Guralnick shrugs off Womack's darker premonitions, but there's no question the song, at once elegiac and defiant, seems to represent a turning point. "It's highly suggestive in various ways," Guralnick says. Besides being one of Cooke's most personal songs, it became a theme of the civil rights movement.
By the time he wrote "Change," Cooke was starting to feel some strain. He had big ideas for his future -- he was starting to develop inner-city talent in Los Angeles -- yet he was struggling with emotional scars: His only son had died in a drowning accident in June 1963, and his often-rocky marriage to Barbara was falling apart. Cooke was drinking more and becoming increasingly rootless.
It culminated in that night in December 1964, when Cooke went to the Hacienda Hotel with a strange woman and ended up dead, shot by the hotel manager. Guralnick presents the story as plainly as possible, though mysteries remain: Cooke's behavior, what happened to a large bankroll he was assumed to carry around, inconsistencies with testimony. The answers, nearly 41 years later, are likely unknowable.

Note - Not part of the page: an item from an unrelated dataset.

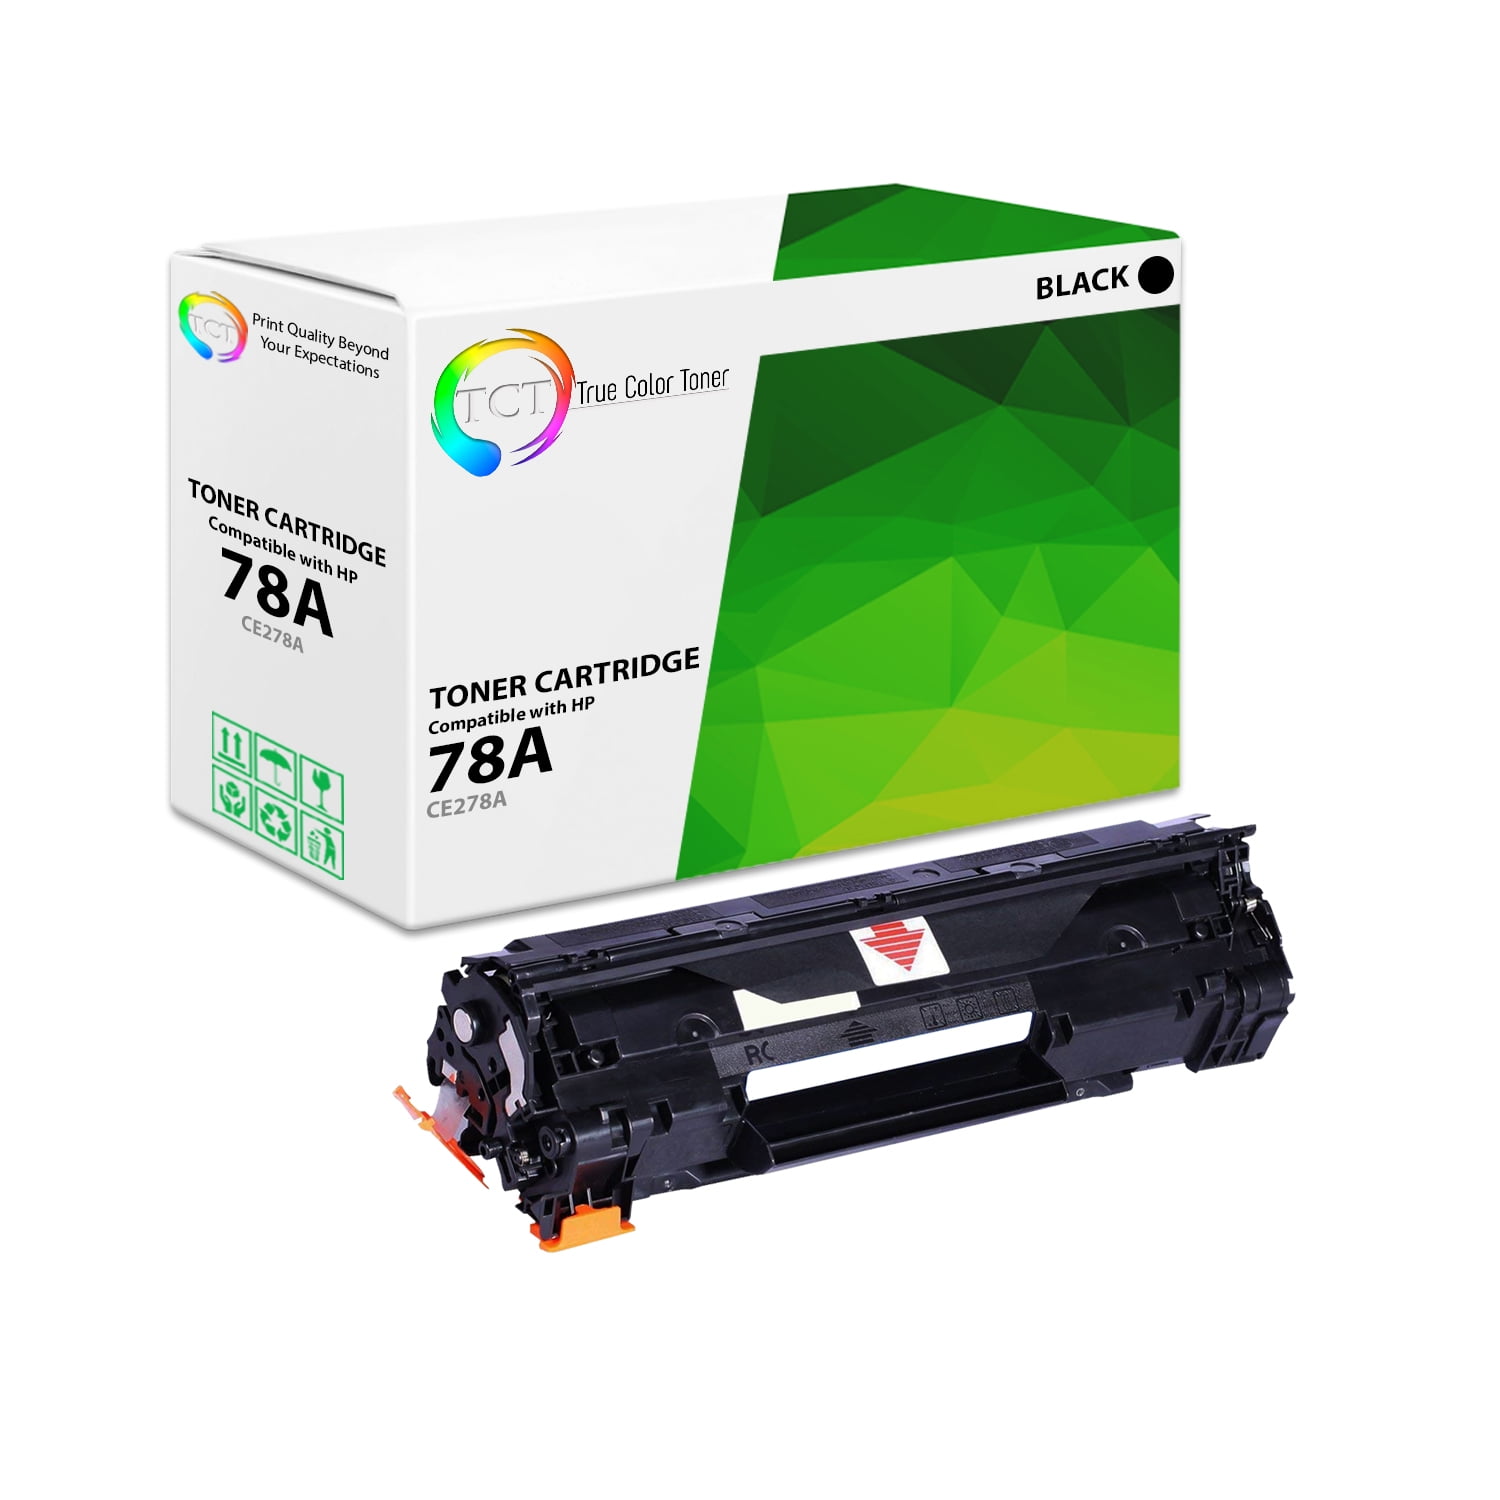 TCT Premium Compatible Toner Cartridge Replacement for HP CF510A Black works with HP Color LaserJet Pro MFP M181FW M154NW Printers (1,100 Pages) - Walmart.com

Much like Sam Cooke himself, a man apart.
Guralnick says that even his closest colleagues still talk about him with a sense of respect. "They looked up to him. Even Barbara -- she's still trying to understand Sam. And J.W. -- Sam was the person he'd liked to have been."
Because, while he was alive, Cooke lived every moment to the fullest.
"I don't even know why I do what I do," he told Bobby Womack. "When I do it, it just comes."